D'après l'art. 49 al. 1 CP, si, en raison d'un ou plusieurs actes,
l'auteur remplit les conditions de plusieurs peines de même genre, le juge
le condamne à la peine de l'infraction la plus grave et l'augmente dans
une juste proportion. Il ne peut toutefois excéder de plus de la moitié le
maximum de la peine prévue pour cette infraction. Il est en outre lié par le
maximum légal de chaque genre de peine.
3.2.2En l'espèce, P.________ a été reconnu coupable de vol en bande
et par métier, d'utilisation frauduleuse d'un ordinateur par métiers et de
contravention à la LStup (loi fédérale du 3 octobre 1951 sur les stupéfiants
et les substances psychotropes; RS 812.121), qualifications juridiques qui
ne sont pas remises en cause.
A charge, on relèvera que les infractions, qui sont en concours,
sont objectivement graves. Les circonstances aggravantes du métier (art.

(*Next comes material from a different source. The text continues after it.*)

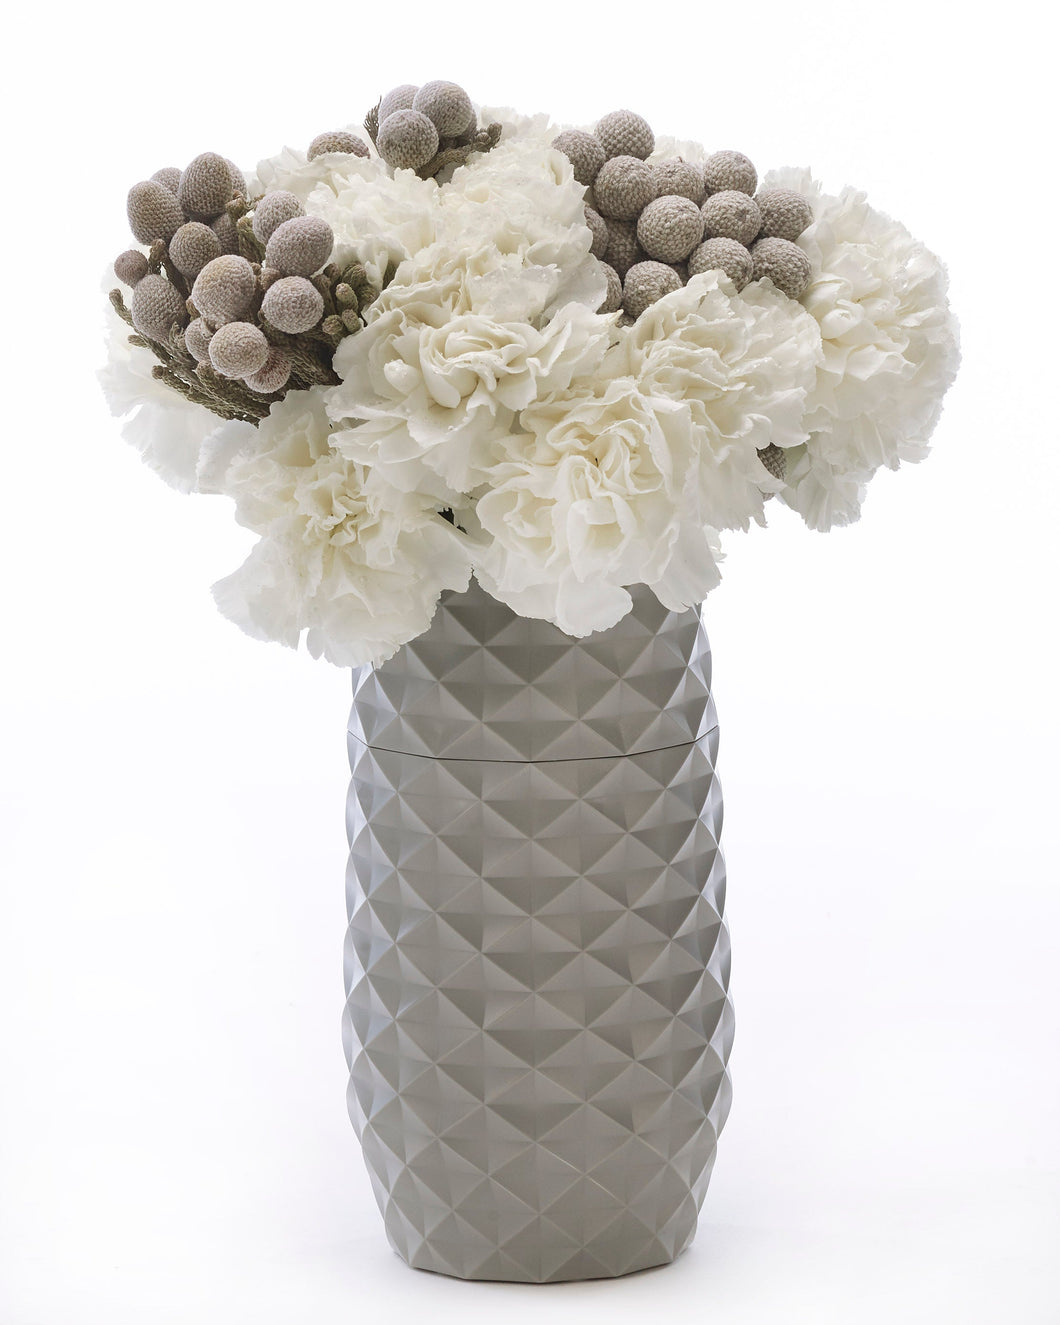 The Amaranth Vase in Cool Grey - 7.5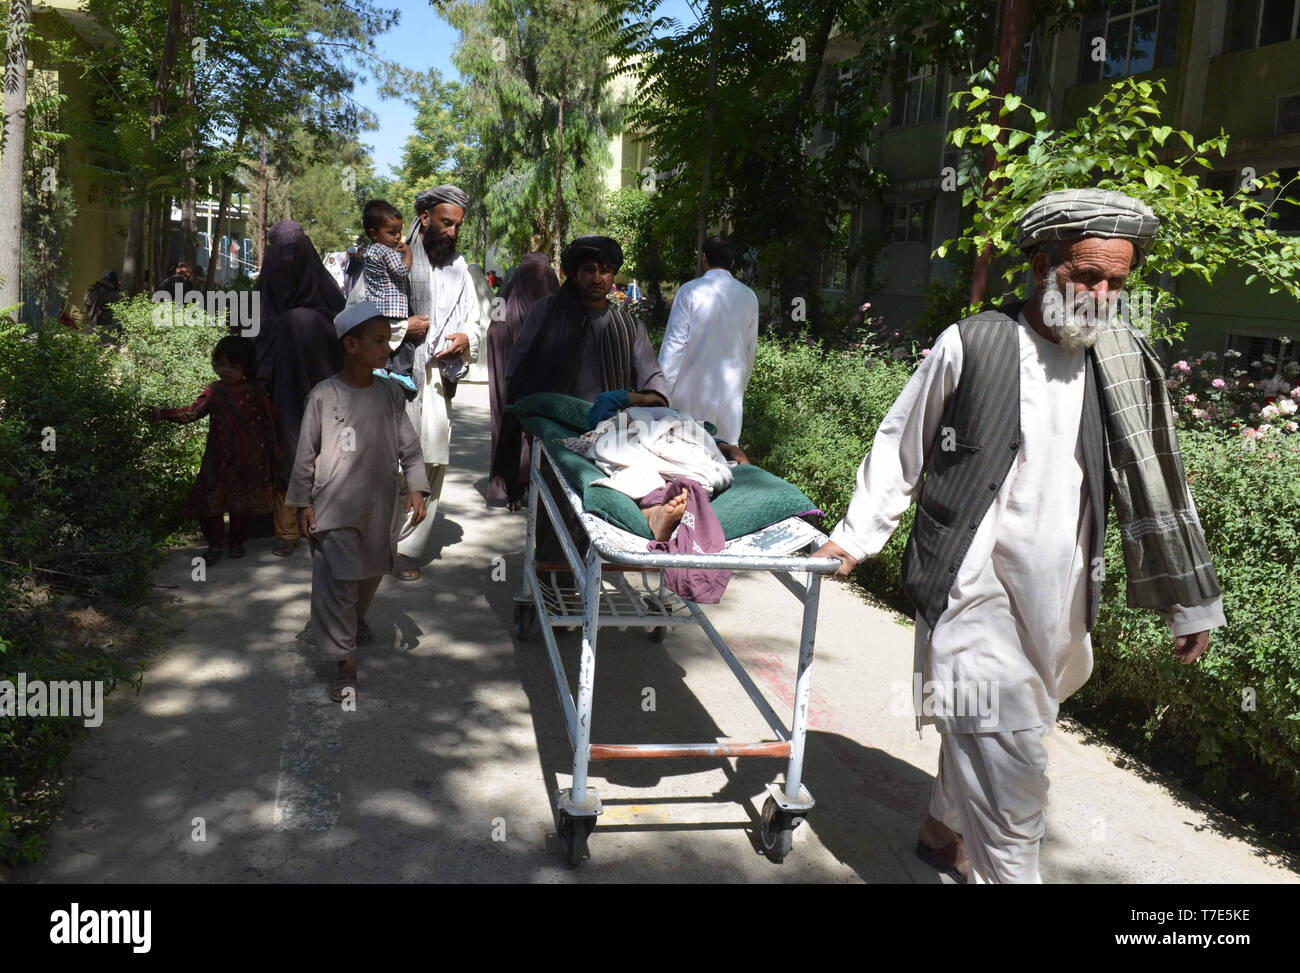 (190507) -- KANDAHAR, May 7, 2019 (Xinhua) -- People carry a man for medical treatment at the Mirwais Regional Hospital in Kandahar, Afghanistan, May 4, 2019. The Mirwais Regional Hospital, locally known as the 'Chinese Hospital', was built by China in 1974 and put into operation in 1979 on 44 acres of land in Kandahar, the largest city in the southern region as a gift to the Afghan people. The hospital is the largest health center in Afghanistan's southern region and provides almost all kinds of services to patients ranging from diagnosis of diseases to surgery of war victims, childcare and m Stock Photo

139 ch. 2 et 147 al. 2 CP) et celle de la bande (art. 139 ch. 3 CP) sont
réalisées. Ces dispositions prévoient une peine privative de liberté de dix
ans au plus ou une peine pécuniaire de 90 jours-amende au moins,
respectivement une peine privative de liberté de dix ans au plus ou une
peine pécuniaire de 180 jours-amende au moins.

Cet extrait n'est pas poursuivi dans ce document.